■ What needs to be done
Repeat the listing below in full and exactly. Pictures are to be omitted.
BEGIN Data segment
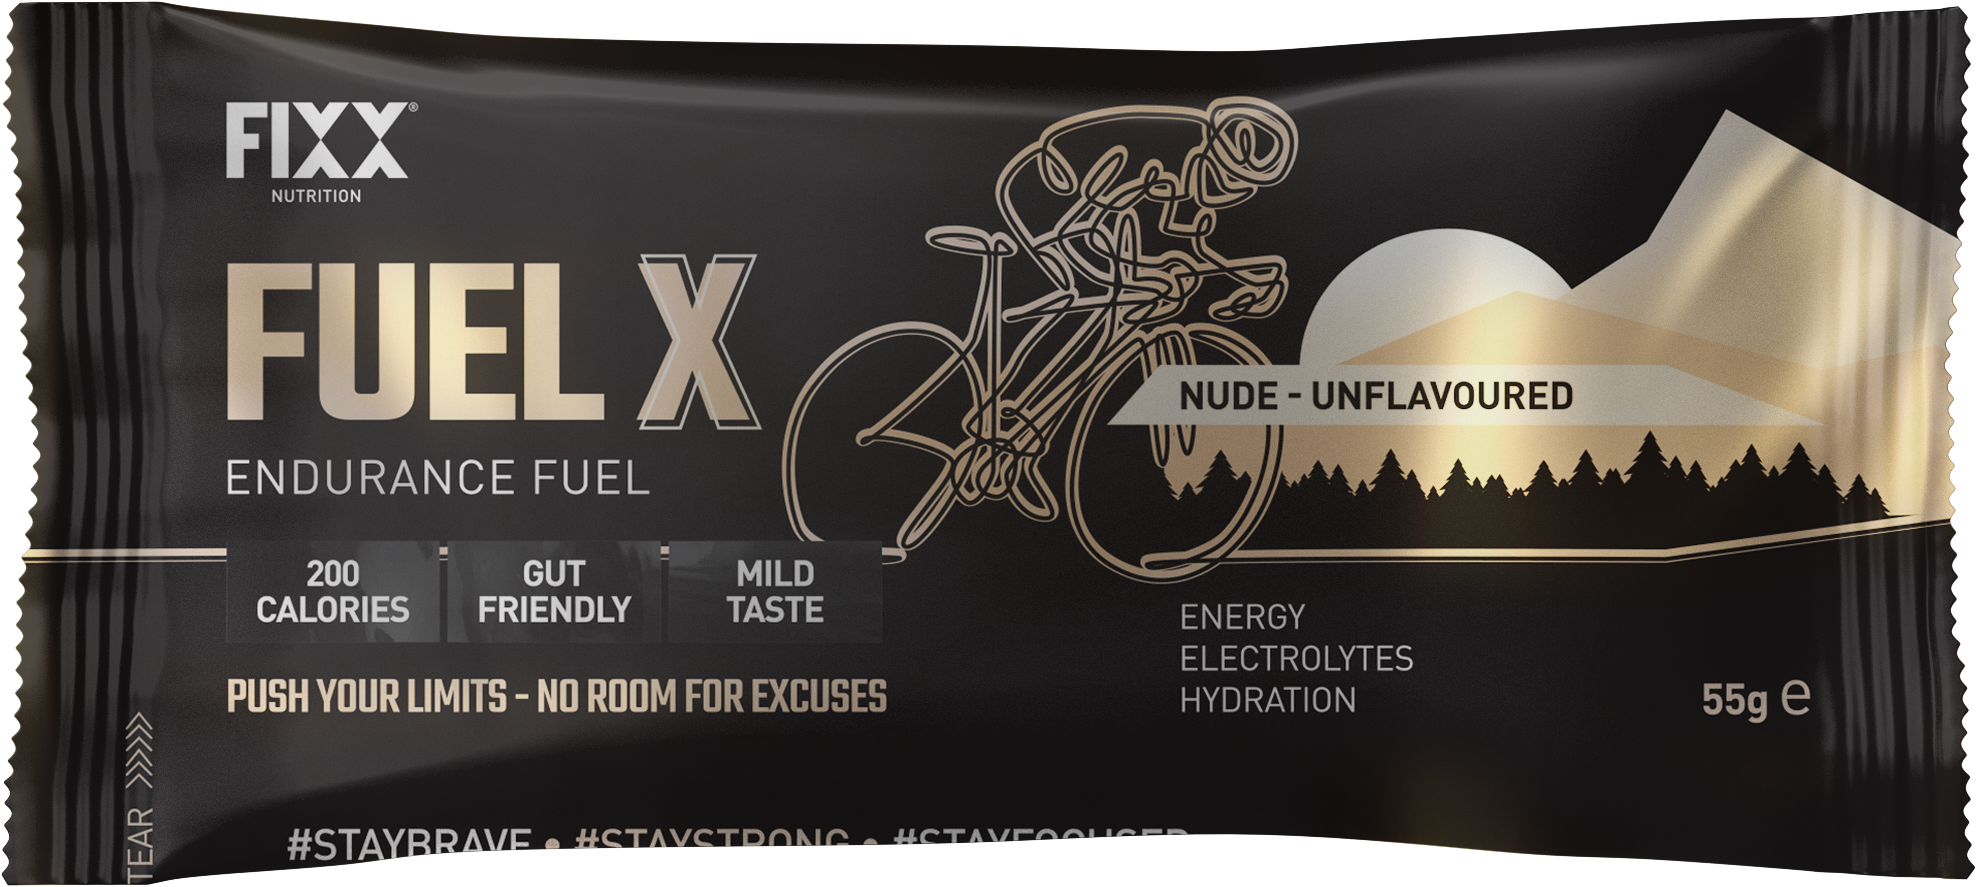 Fixx Nutrition Fuel X 55g Sachet - Nude
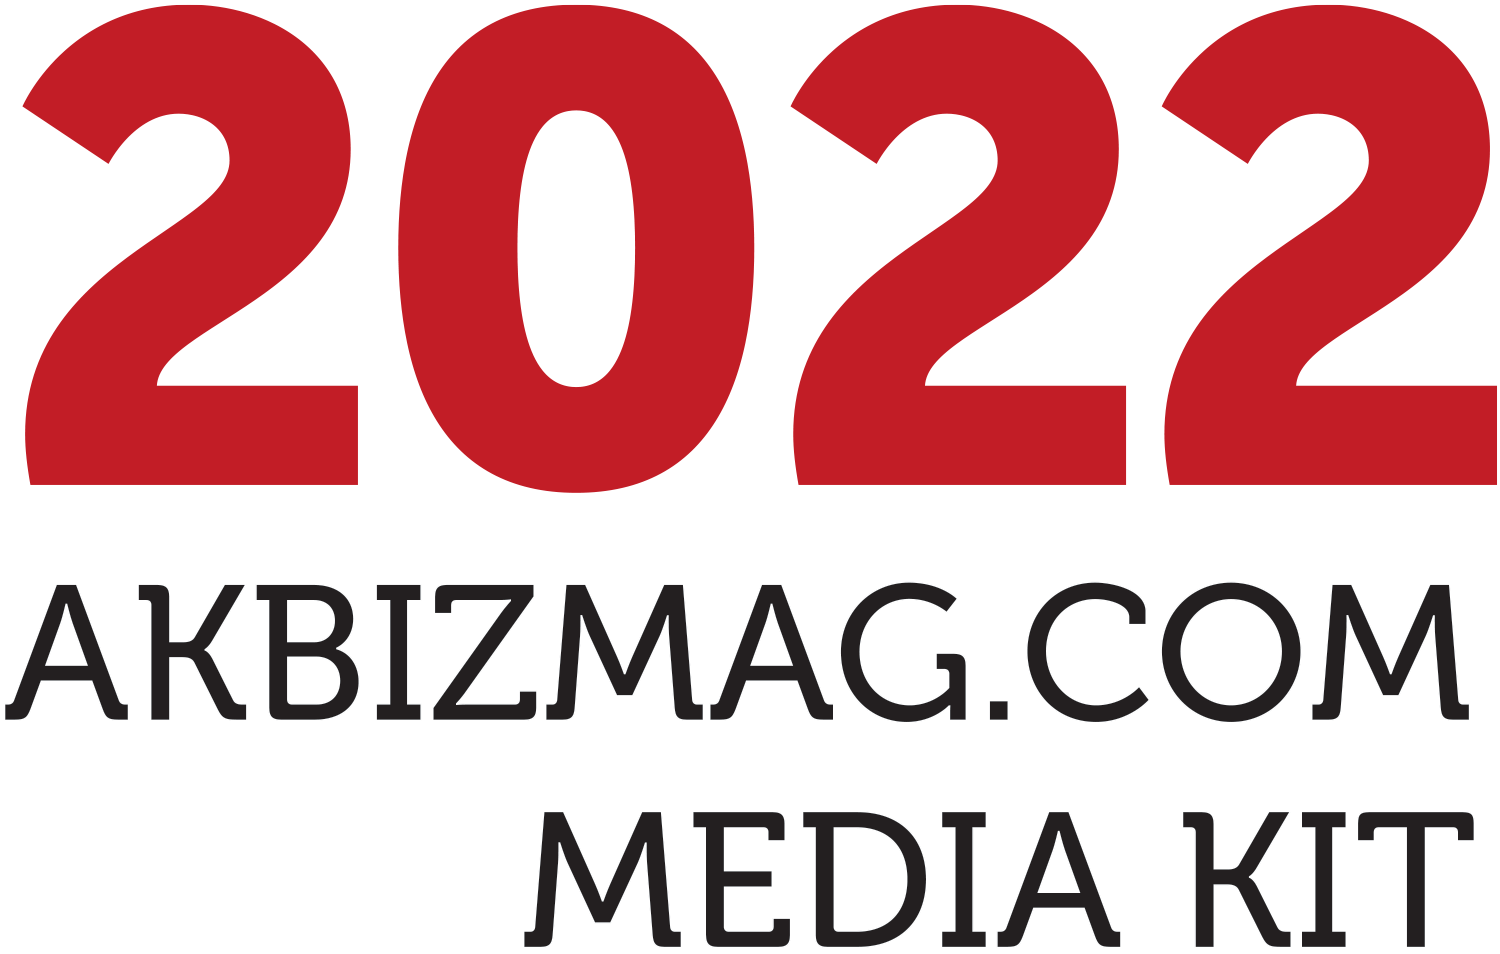 2022 Akbizmag.com Media Kit
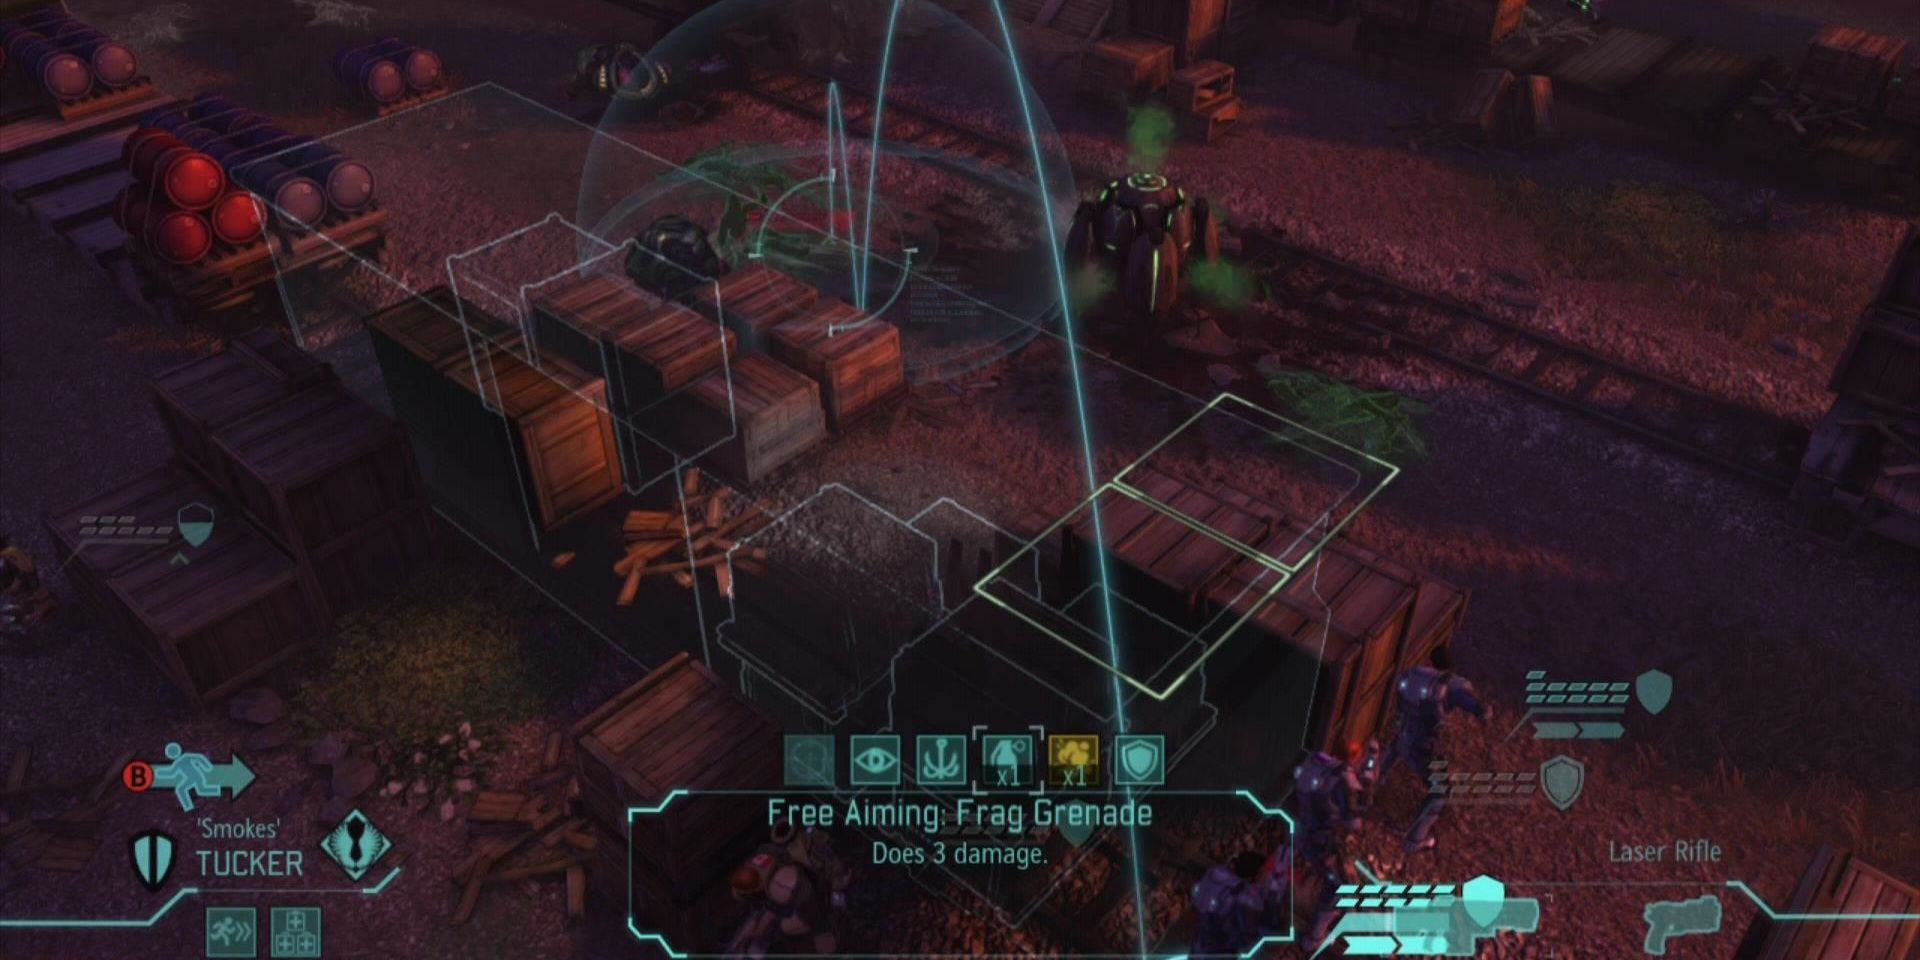 https://www.mobygames.com/game/xbox360/xcom-enemy-unknown/screenshots/gameShotId,613751/
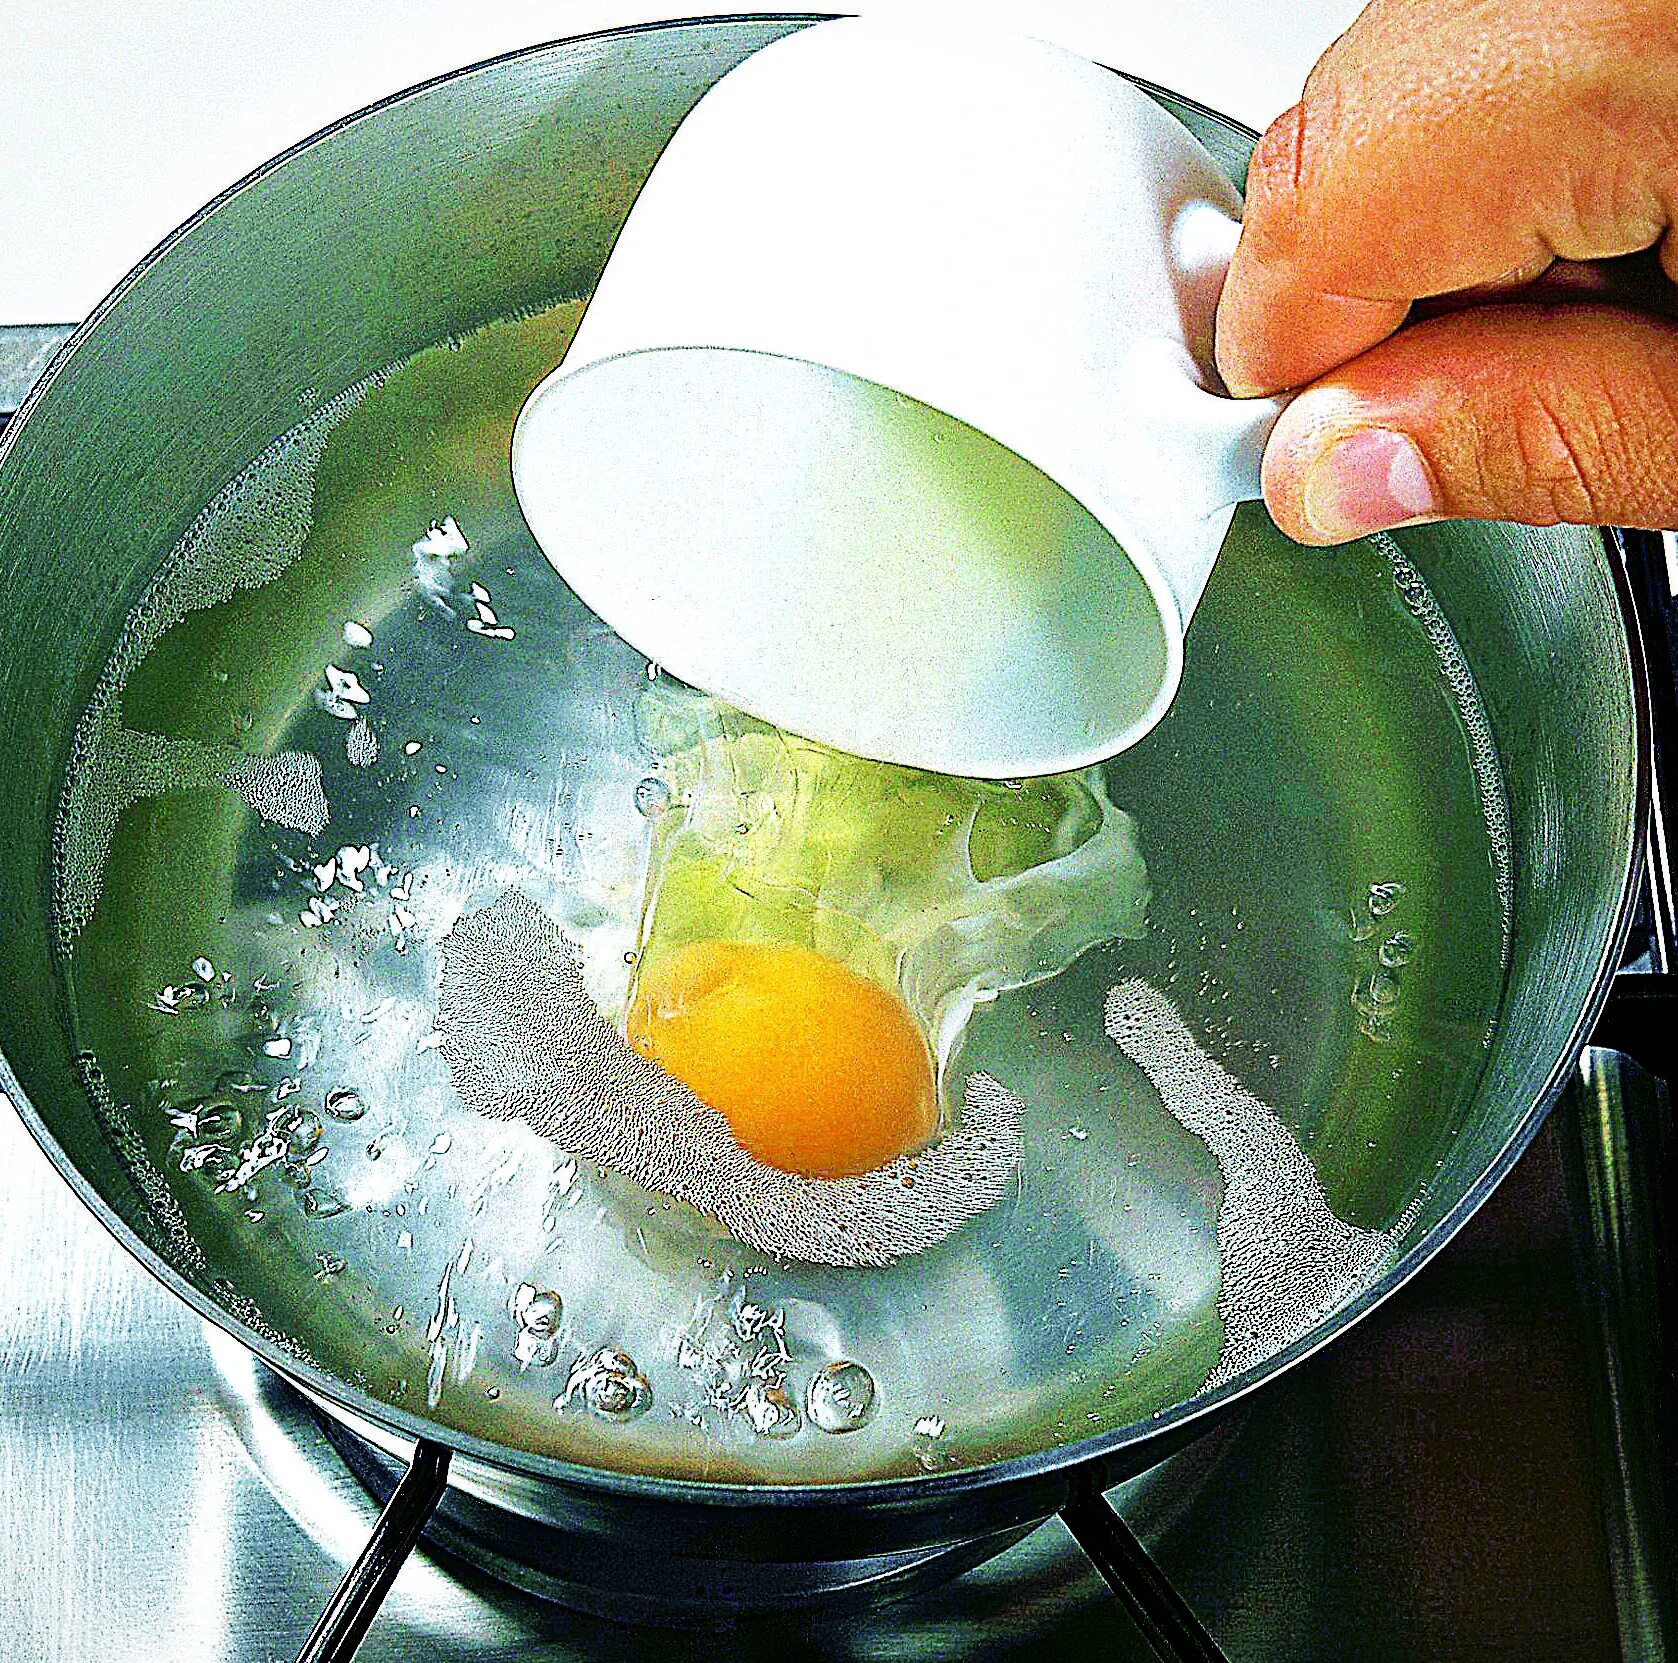 Яйцо пашот в мешочке. Варка яиц пашот. Яйцо пашот в кипящую воду. Яйцо пашот в кастрюле. Яйцо пашот в домашних условиях видео
END Data segment
■ Result of this exercise
 Fixx Nutrition Fuel X 55g Sachet - Nude
 2022 Akbizmag.com Media Kit
 https://www.mobygames.com/game/xbox360/xcom-enemy-unknown/screenshots/gameShotId,613751/
 Яйцо пашот в мешочке. Варка яиц пашот. Яйцо пашот в кипящую воду. Яйцо пашот в кастрюле. Яйцо пашот в домашних условиях видео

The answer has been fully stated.